Q What, if anything, would change if you switched to how=‘right’?

Combining Two Data Sets - You Try

Q Write code that would combine the professions data and the dates data, but drop any names that don’t appear in both.

Join on the name but try an inner merge.

DF_prof_date = pd.merge(DF_professions,DF_dates,on='name',how='inner')
DF_prof_date

Combining Three Data Sets - You Try

Q Try to combine the three data sets together (professions, works, and dates) but instead of doing what we did above, see if you can keep only the names that appeared in all three data sets.

Here is one way to order the operations. Try doing these one at a time to see what you get.
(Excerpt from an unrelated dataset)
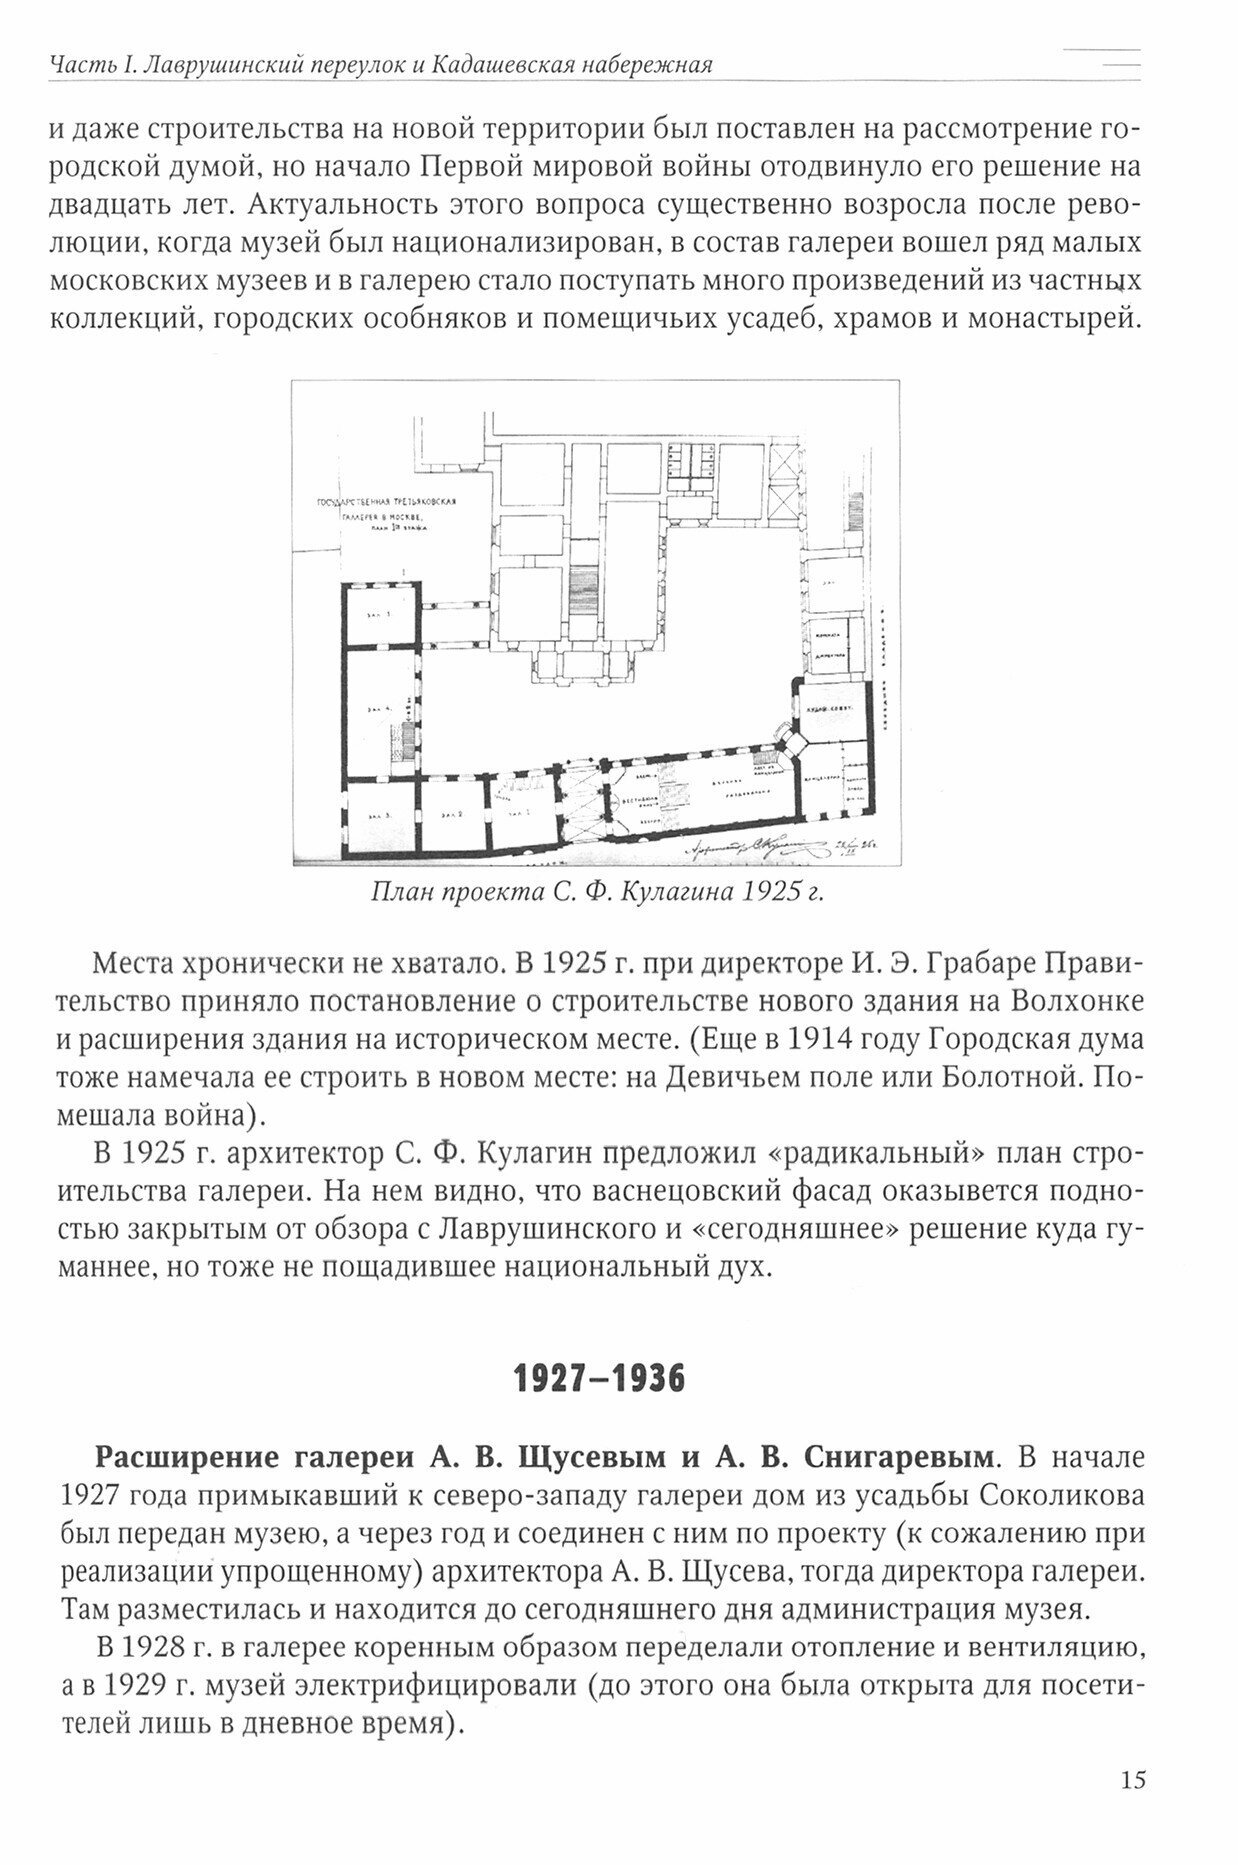 Третьяковская галерея: история строительства и реконструкции - фото №3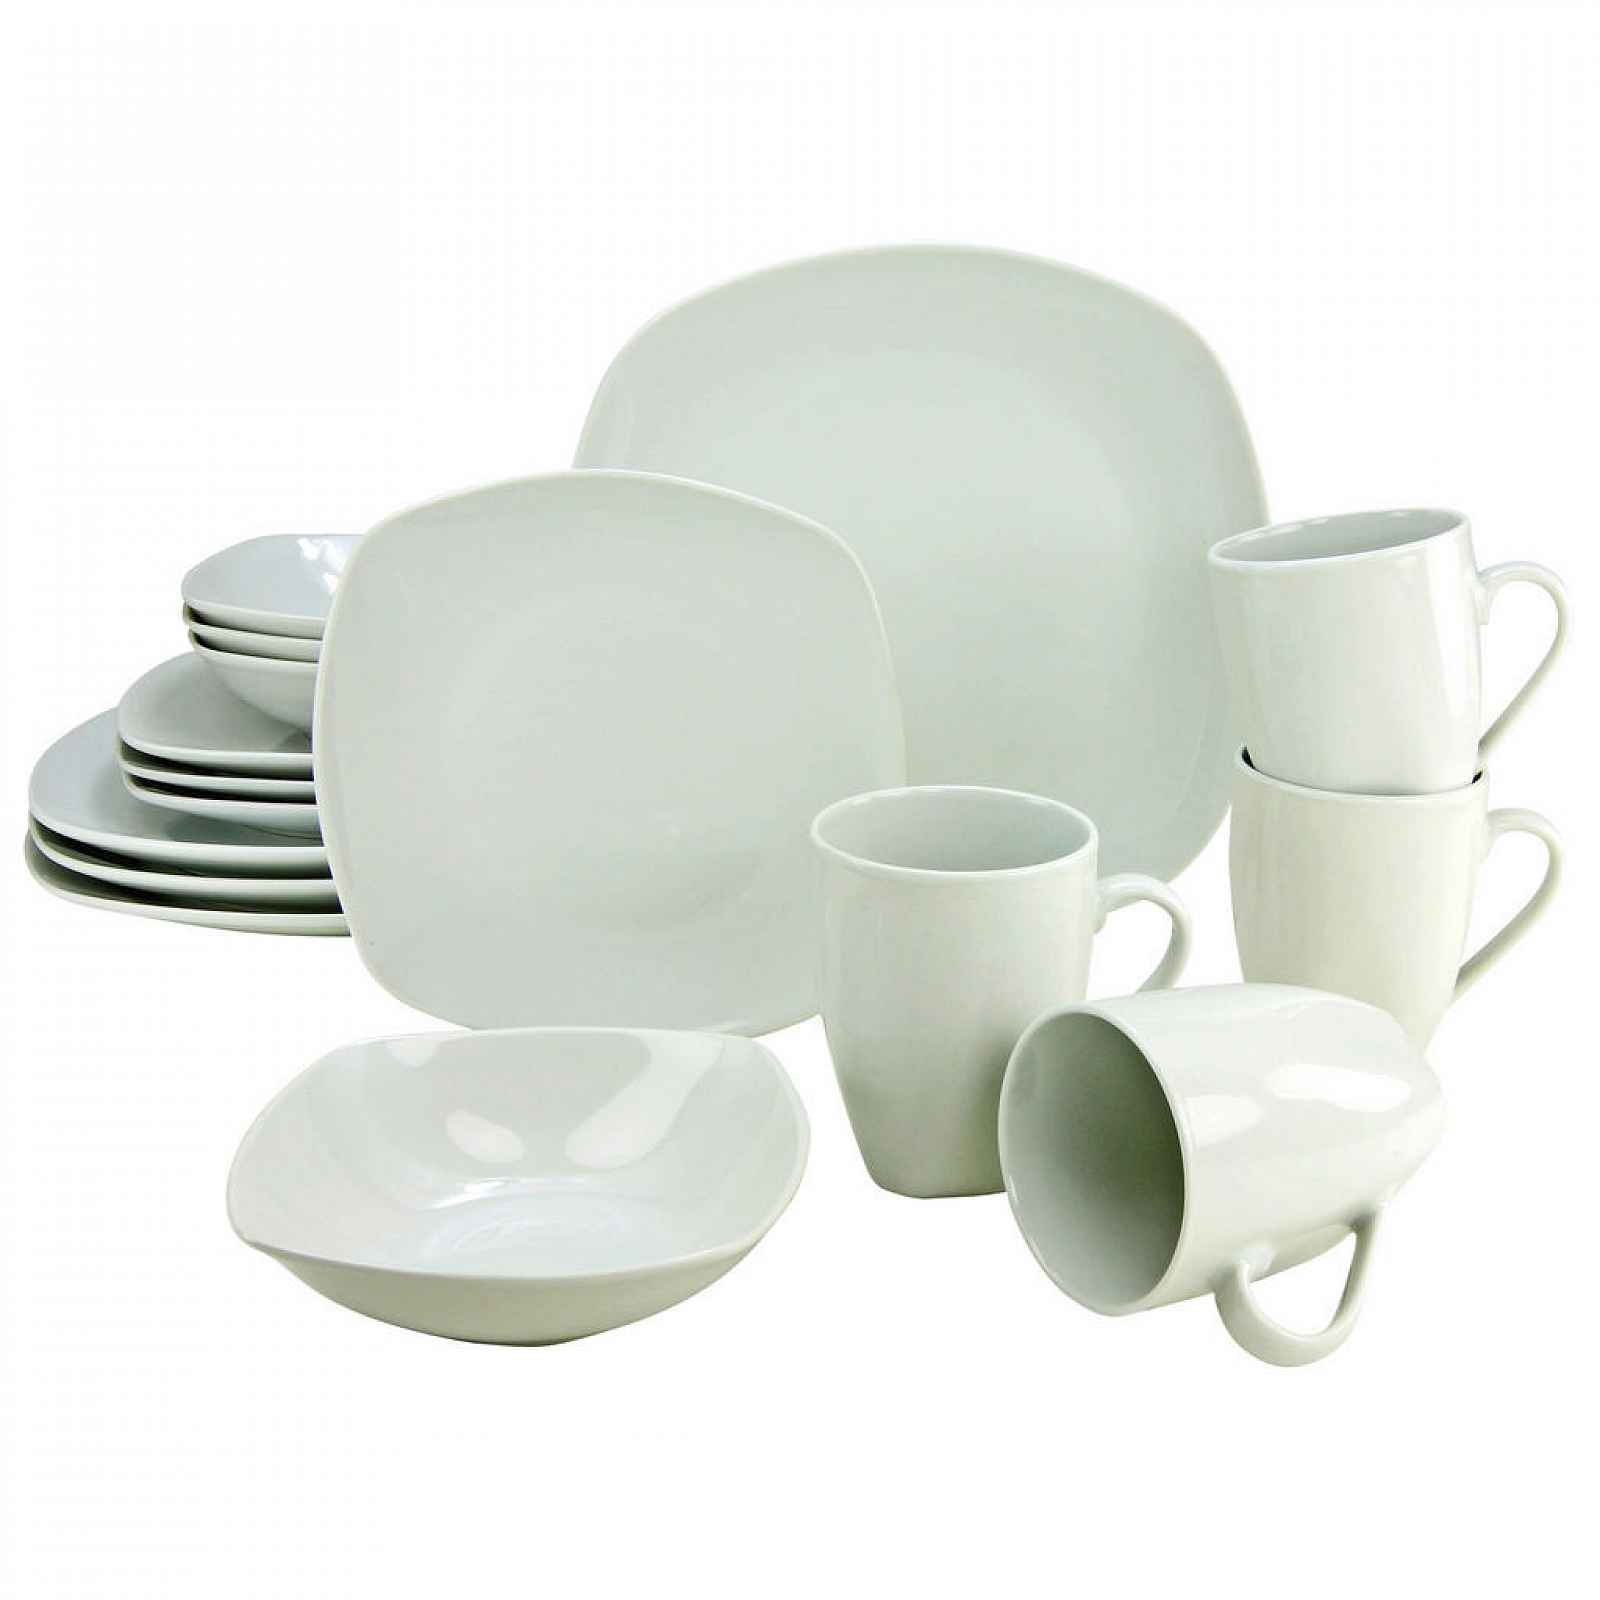 Creatable KOMBINOVANÁ SOUPRAVA, 16dílné, porcelán - Sady nádobí kombinované - 007768129201

  1. merge professions and works on=‘name’ so that the data set with the least names sets the names.
  2. merge the data frame you created in 1 with dates on=‘name’ so that the data set with the least names sets the names. This time let indicator=True.
  3. create a mask so that you only keep rows where _merge is set to ‘both’
DF_scientists = pd.merge(DF_professions,DF_works,on='name',how='right')
DF_scientists = pd.merge(DF_scientists,DF_dates,on='name',how='right',indicator=True)
mask = DF_scientists['_merge']=='both'
DF_scientists=DF_scientists[mask]
DF_scientists

Case study - Grocery Sales

Below you will load some data about grocery sales and see how joining or merging data can help us answer questions.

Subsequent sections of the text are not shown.